I figured it out by reading this paper "Cytoscape Automation: empowering workflow-based network analysis".
I want to put the script here in the case that maybe somebody has question.
From python you need to import
import requests, json
import numpy
REST_ENDPOINT = 'http://localhost:1234'
and then let's say we want to use affinity propagation clustering algorithm, then you can go to help->Automation->CyRest command API. Here you can find the app and all its parameters. You load the input network from cytoscape in the beginning.
counter = 0
ap_clusters = dict()
for i in numpy.arange(-1.0, 1.1, 0.1):
message_body = {
"preference": str(round(i,1))
}
response = requests.post(REST_ENDPOINT + '/v1/commands/cluster/ap', data =
json.dumps(message_body), headers = {'Content-Type': 'application/json'})

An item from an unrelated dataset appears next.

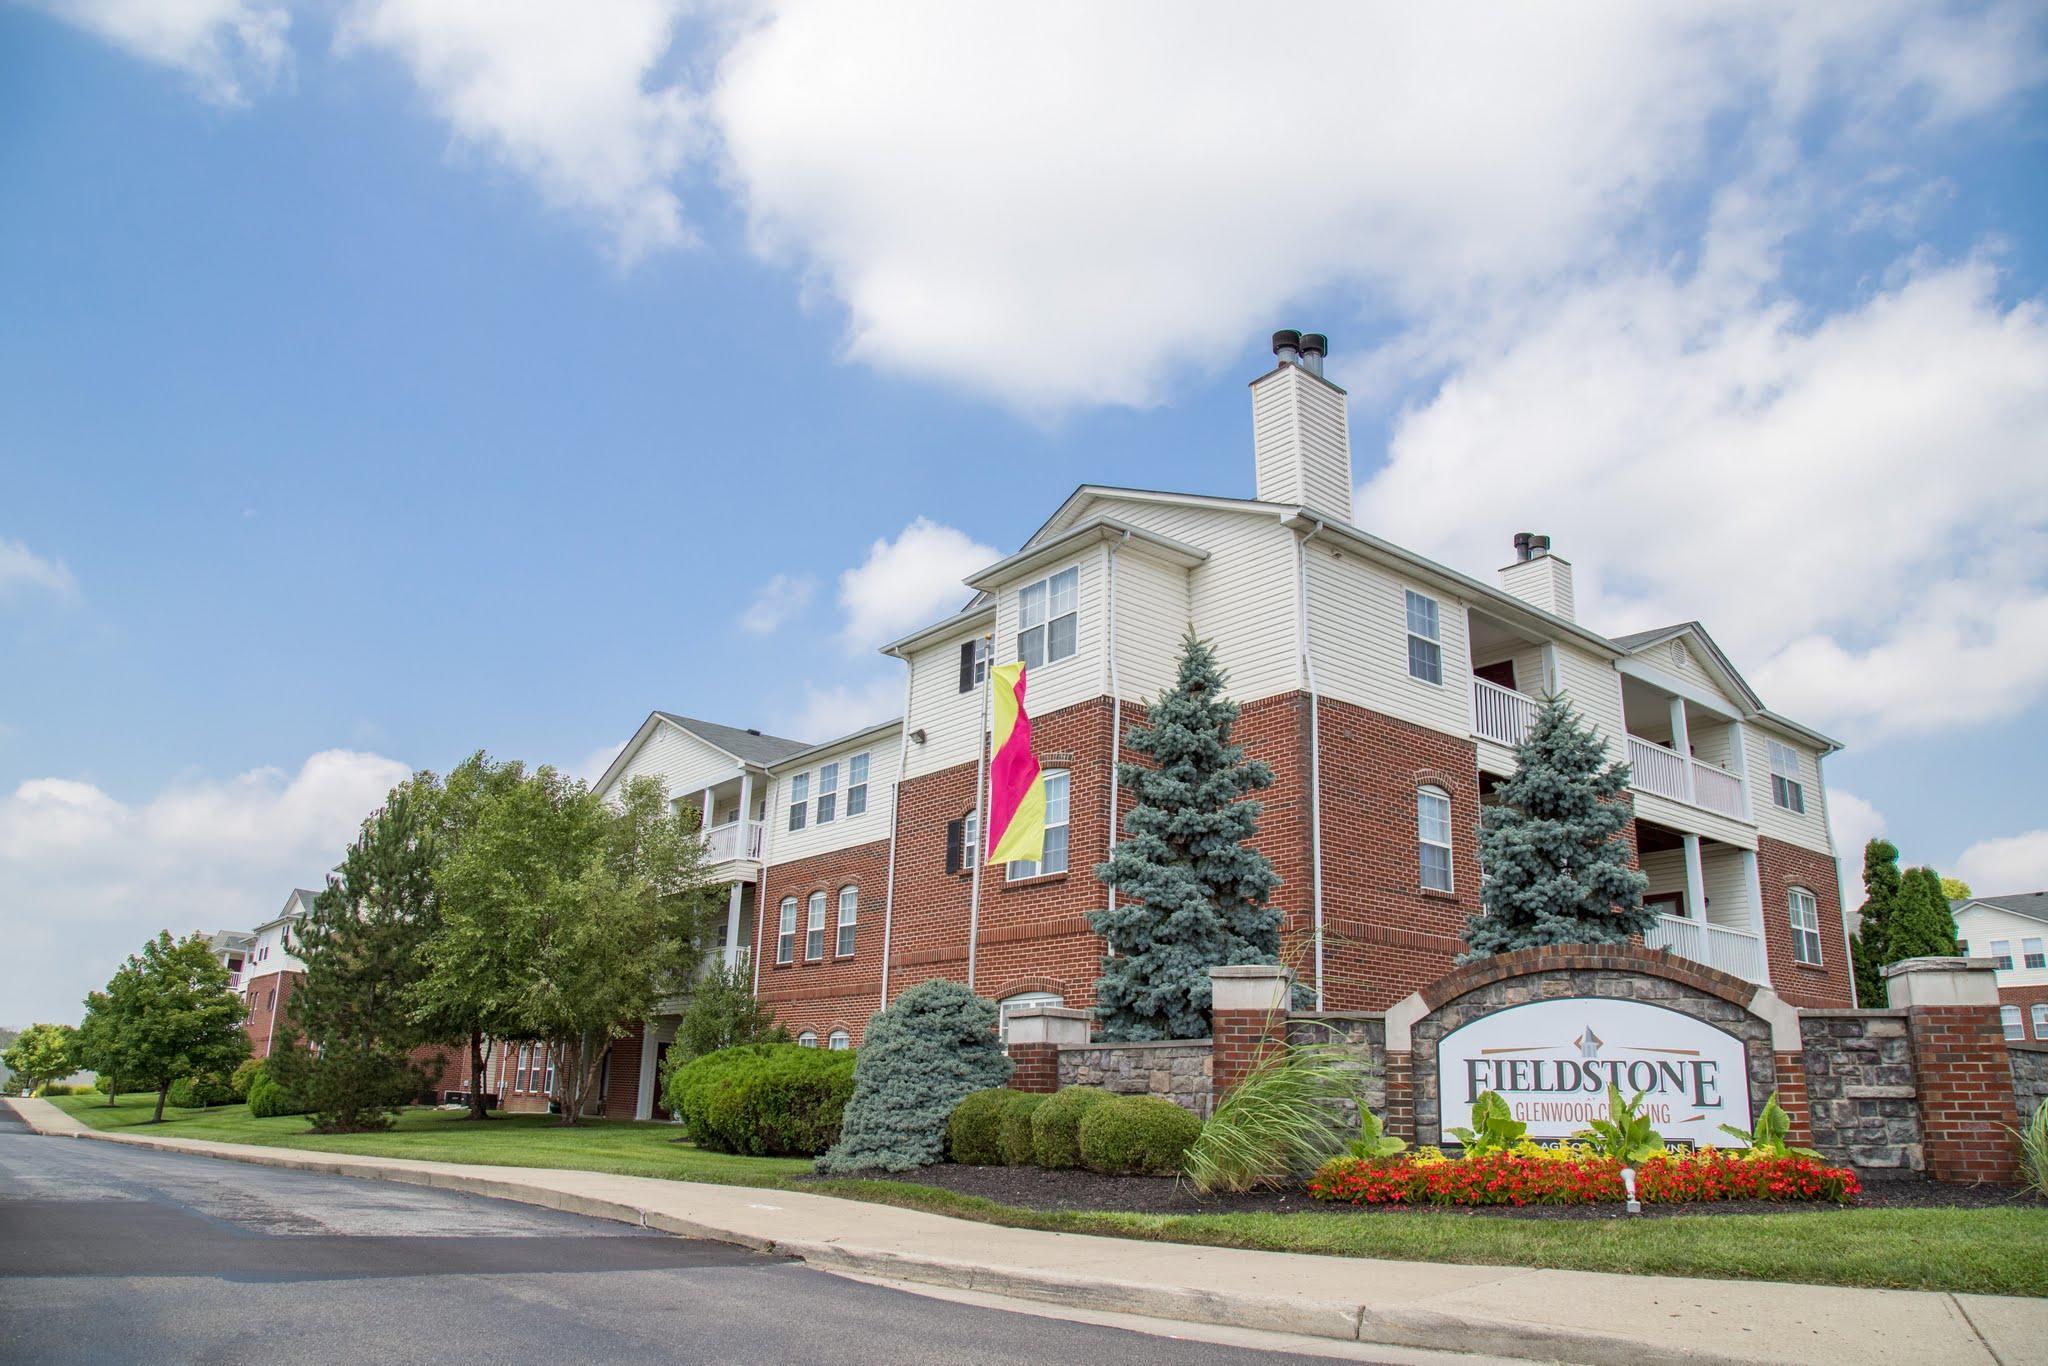 Fieldstone Apartments at Glenwood Crossing
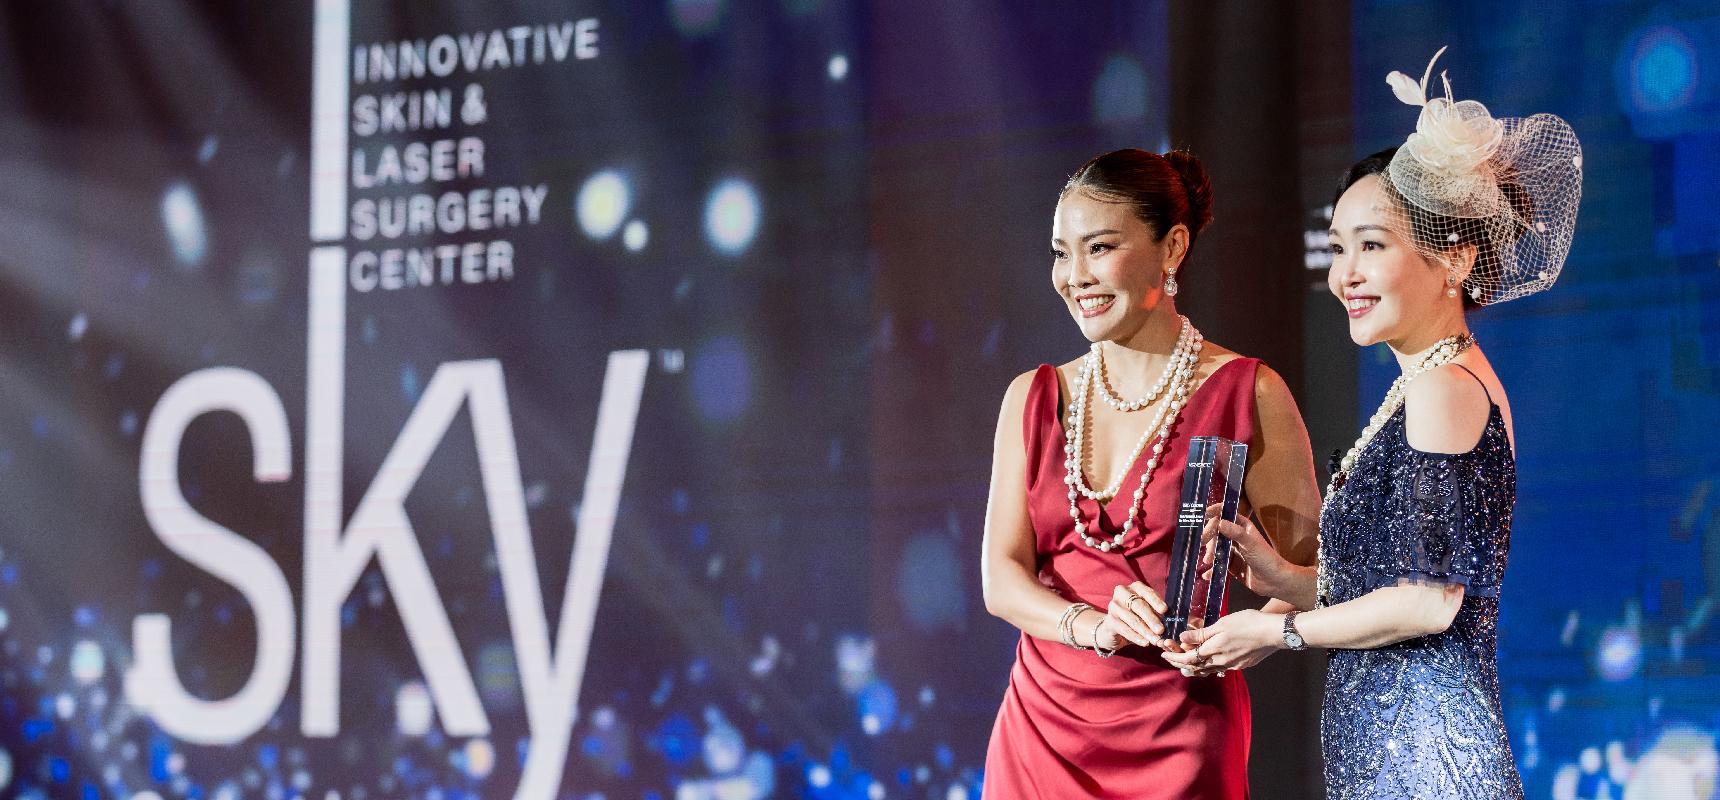 iSKY รับรางวัลคลินิกที่มียอดใช้ Xeomin โบเยอรมันสูงสุดระดับ Platinum

response_data = response.json()['data']
ap_clusters[counter] = response_data['clusters']
counter += 1
above is a code to call AP clustering multiple times from python.
For AP and MCL the code works for multiple parameters. However when I tried to call MCODE with different set of parameters, it stopped the connection and closed the cytoscape app. It can only run for on set of parameters.
This is the error:
" raise ConnectionError(err, request=request)
ConnectionError: ('Connection aborted.', RemoteDisconnected('Remote end closed connection without response'))"
here is the code for mcode algorithm:
counter = 0
mcode_clusters = dict()
for i in numpy.arange(3,6,1):
for j in numpy.arange(0.1,0.56,0.05): #----vertex weight percentage
for h in ["on","off"]:
for f in ["on","off"]:
if f=="on":
for p in [0,0.1,0.2]: #---fluffing percentage
message_body = {
"fluff" : f,
"fluffNodeDensityCutoff" : str(round(p,1)),
"haircut" : h,
"maxDepthFromStart" : str(i),
"nodeScoreCutoff": str(round(j,1))
}
response = requests.post(REST_ENDPOINT + '/v1/commands/cluster/mcode', data = json.dumps(message_body), headers = {'Content-Type': 'application/json'})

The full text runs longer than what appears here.